SQL DateTime Conversion Fails when No Conversion Should be Taking Place

I'm modifying an existing query for a client, and I've encountered a somewhat baffling issue.
Our client uses SQL Server 2008 R2 and the database in question provides the user the ability to specify custom fields for one of its tables by making use of an EAV structure. All of the values stored in this structure are varchar(255), and several of the fields are intended to store dates. The query in question is being modified to use two of these fields and compare them (one is a start, the other is an end) against the current date to determine which row is "current".
The issue I'm having is that part of the query does a CONVERT(DateTime, eav.Value) in order to turn the varchar into a DateTime. The conversions themselves all succedd and I can include the value as part of the SELECT clause, but part of the question is giving me a conversion error:
Conversion failed when converting date and/or time from character string.
The real kicker is this: if I define the base for this query (getting a list of entities with the two custom field values flattened into a single row) as a view and select against the view and filter the view by getdate(), then it works correctly, but it fails if I add a join to a second table using one of the (non-date) fields from the view. I realize that this might be somewhat hard to follow, so I can post an example query if desired, but this question is already getting a little long.

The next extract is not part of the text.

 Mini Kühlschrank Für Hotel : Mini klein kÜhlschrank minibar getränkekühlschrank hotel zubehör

I've tried recreating the basic structure in another database and including sample data, but the new database behaves as expected, so I'm at a loss here.

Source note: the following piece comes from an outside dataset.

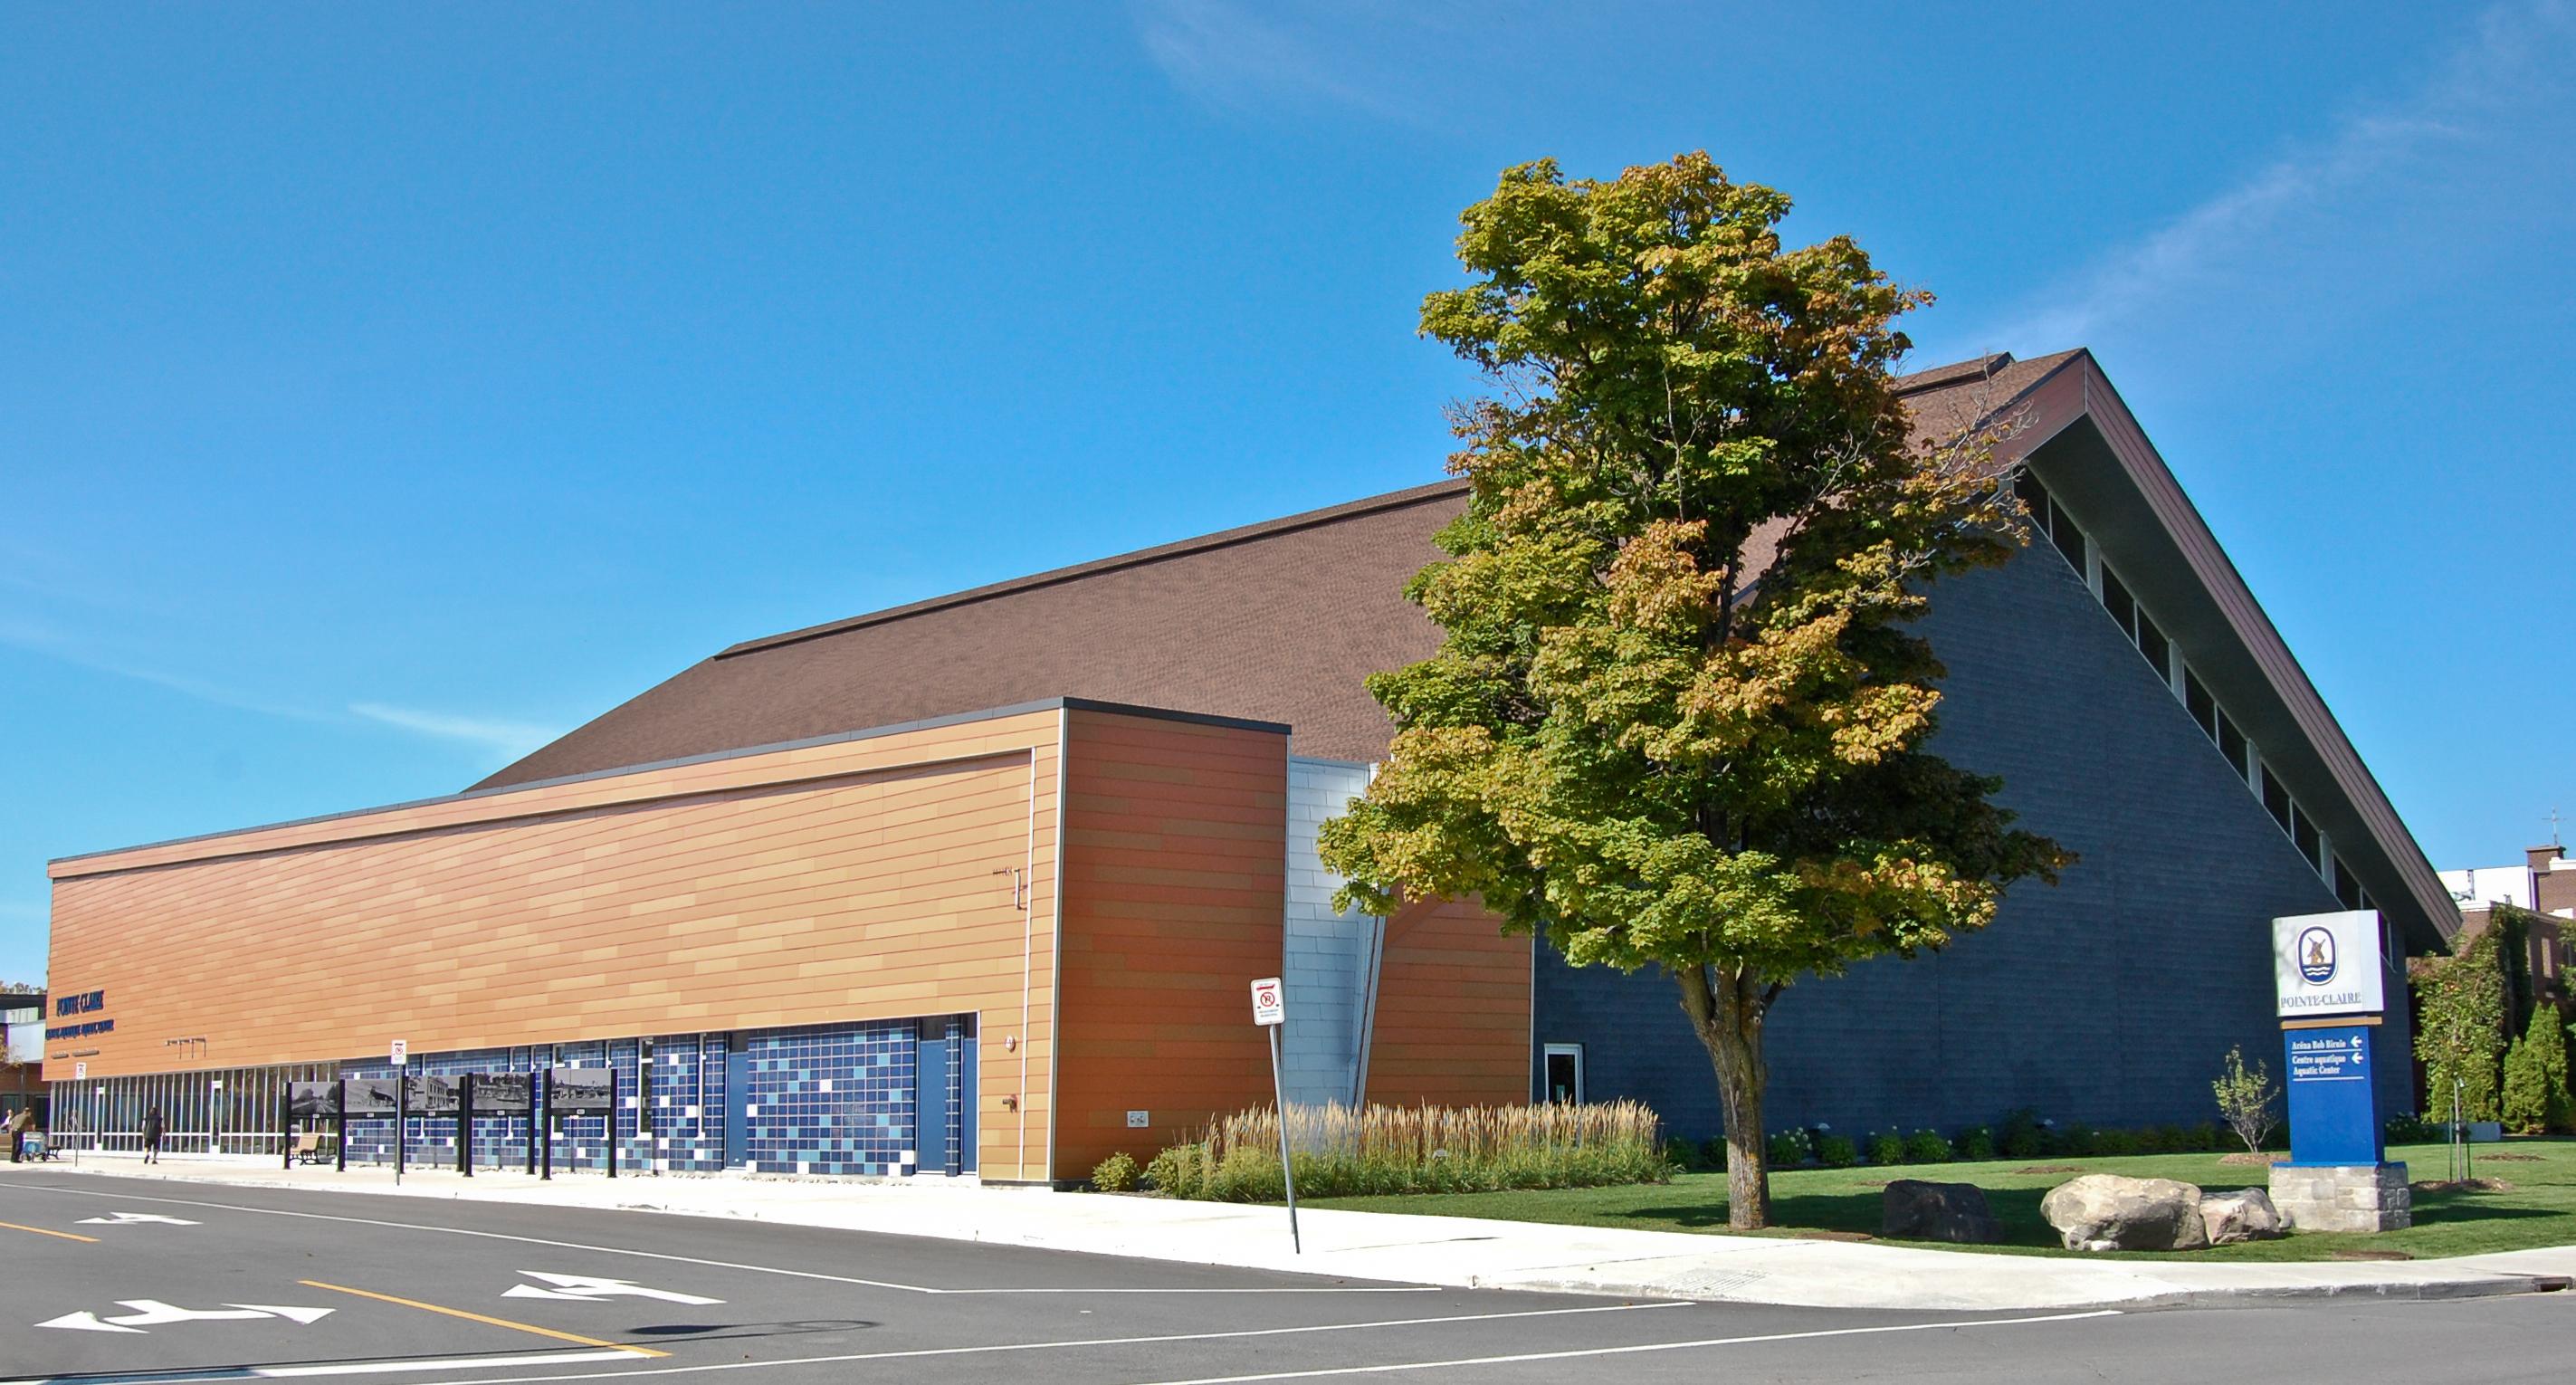 Aquatic Centre - City of Pointe-Claire

EDIT In case it's useful, here's the statement for the view:
create view Festival as
e.EntityId as FestivalId,
e.LookupAs as FestivalName,
convert(Date, nvs.Value) as ActivityStart,
convert(Date, nve.Value) as ActivityEnd
from tblEntity e
left join CustomControl ccs on ccs.ShortName = 'Activity Start Date'
left join CustomControl cce on cce.ShortName = 'Activity End Date'
left join tblEntityNameValue nvs on nvs.CustomControlId = ccs.IdCustomControl and nvs.EntityId = e.EntityId
left join tblEntityNameValue nve on nve.CustomControlId = cce.IdCustomControl and nve.EntityId = e.EntityId
where e.EntityType = 'Festival'
The failing query is this:
select *
from Festival f
join FestivalAttendeeAll fa on fa.FestivalId = f.FestivalId
where getdate() between f.ActivityStart and f.ActivityEnd
Yet this works:
select *
from Festival f
where getdate() between f.ActivityStart and f.ActivityEnd
(EntityId/FestivalId are int columns)
I've encountered this type of error before, it's due to the "order of operations" performed by the execution plan.
You are getting that error message because the execution plan for your statement (generated by the optimizer) is performing the CONVERT() operation on rows that contain string values that can't be converted to DATETIME.

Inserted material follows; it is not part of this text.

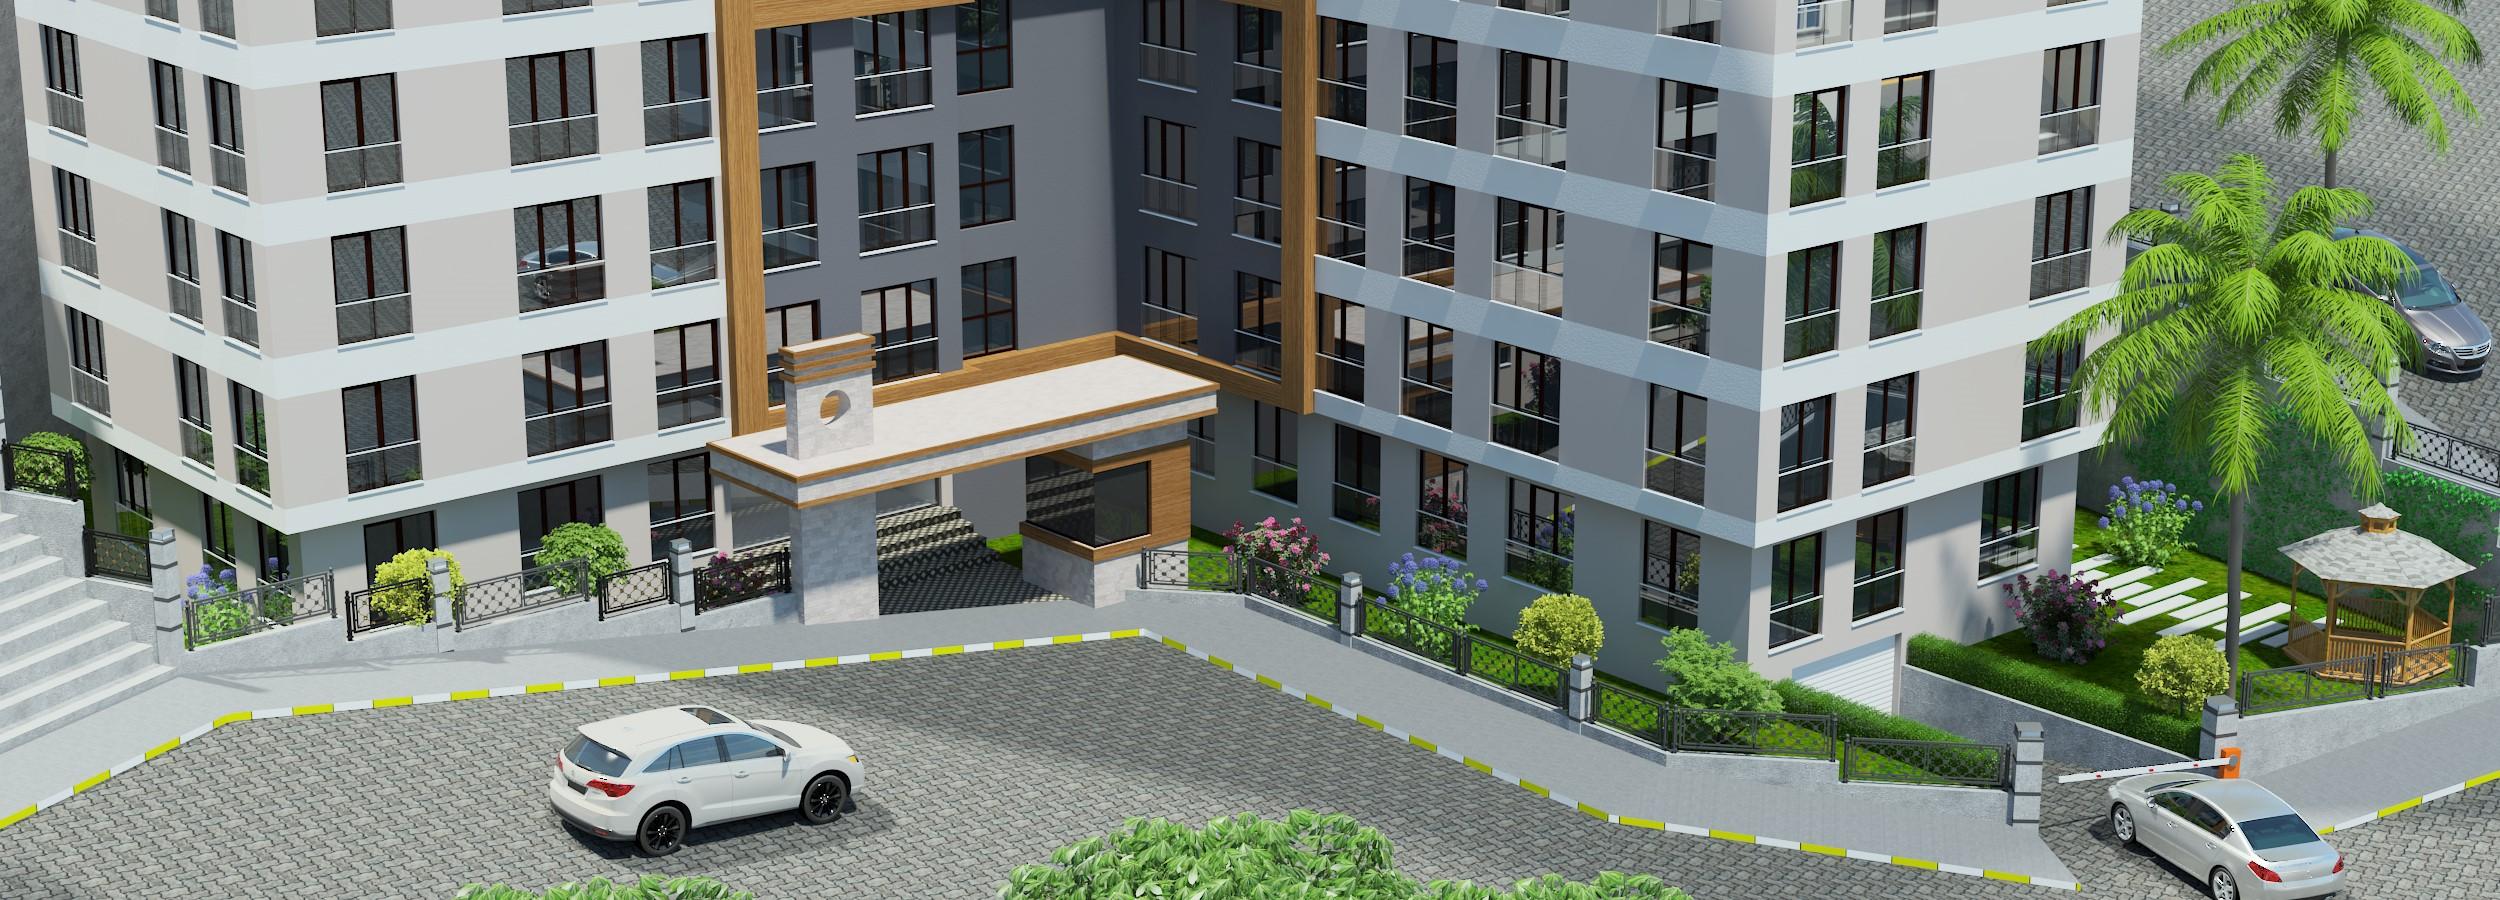 Квартиры в рассрочку по ценам строительной компании - Фото 3

Basically, you do not have control over which rows the optimizer performs that conversion on. You know that you only need that conversion done on certain rows, and you have predicates (WHERE or ON clauses) that exclude those rows (limit the rows to those that need the conversion), but your execution plan is performing the CONVERT() operation on rows BEFORE those rows are excluded.
(For example, the optimizer may be electing to a do a table scan, and performing that conversion on every row, before any predicate is being applied.)
I can't give a specific answer, without a specific question and specific SQL that is generating the error.
One simple approach to addressing the problem would be to use the ISDATE() function to test whether the string value can be converted to a date.
That is, replace:
Note that the ISDATE() function is subject to some significant limitations, such as being affected by the DATEFORMAT and LANGUAGE settings of the session.
If there is some other indication on the eav row, you could use some other test, to conditionally perform the conversion.
The other approach I've used is to try to gain some modicum of control over the order of operations of the optimizer, using inline views or Common Table Expressions, with operations that force the optimizer to materialize them and apply predicates, so that happens BEFORE any conversion in the outer query.